« Excusez du peu ! », s’est exclamé le président de la Métropole européenne de Lille (MEL), non sans ironie, en dévoilant le budget de 120 millions d’euros par an jusqu’à la fin du mandat (en 2026) pour « consolider notre réseau routier, les ponts, les pistes et les voies cyclables » en introduction du dernier conseil communautaire de l’année.

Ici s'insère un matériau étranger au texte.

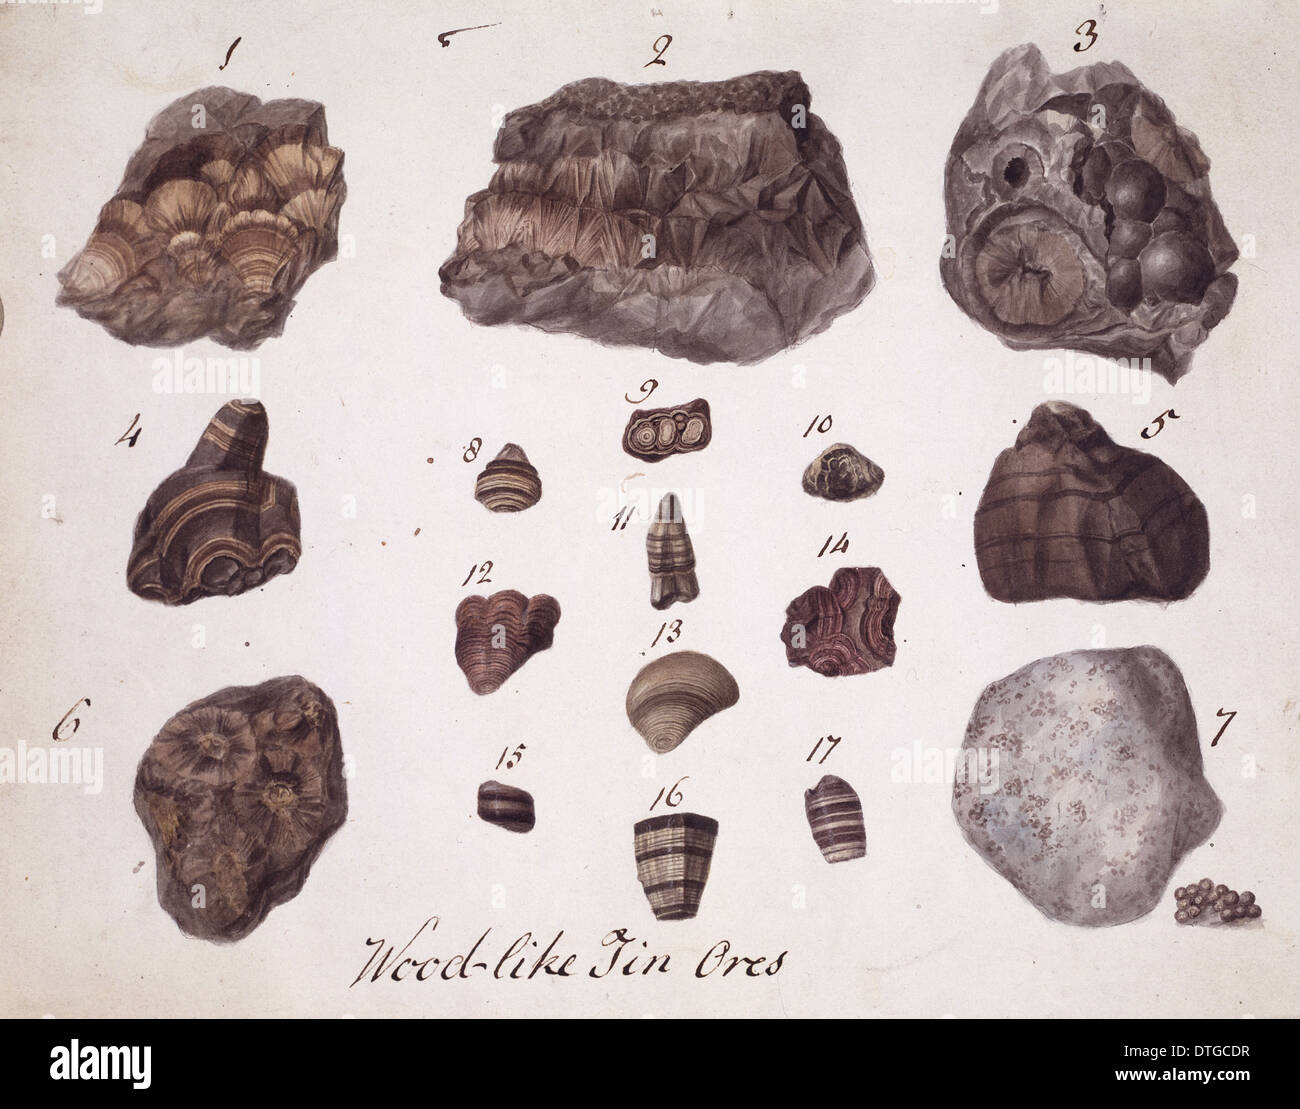 Planche 1 de spécimens de minéraux britannique ? Tome 1 par P. Rashleigh (1797) Banque D'Images

Vendredi 17 décembre, le programme pluriannuel d’investissements (PPI) voirie était à l’ordre du jour. Ce dernier fixe les objectifs et le budget des opérations à réaliser en matière de voirie, d’espaces publics et d’aménagements cyclables pour la période 2022 à 2026 sur le territoire métropolitain. Au-delà des discussions sur le rapport d’orientation budgétaire (ROB), qui ont lieu chaque année à la même période avant le vote primitif de février, c’était donc l’une des grandes délibérations de la soirée.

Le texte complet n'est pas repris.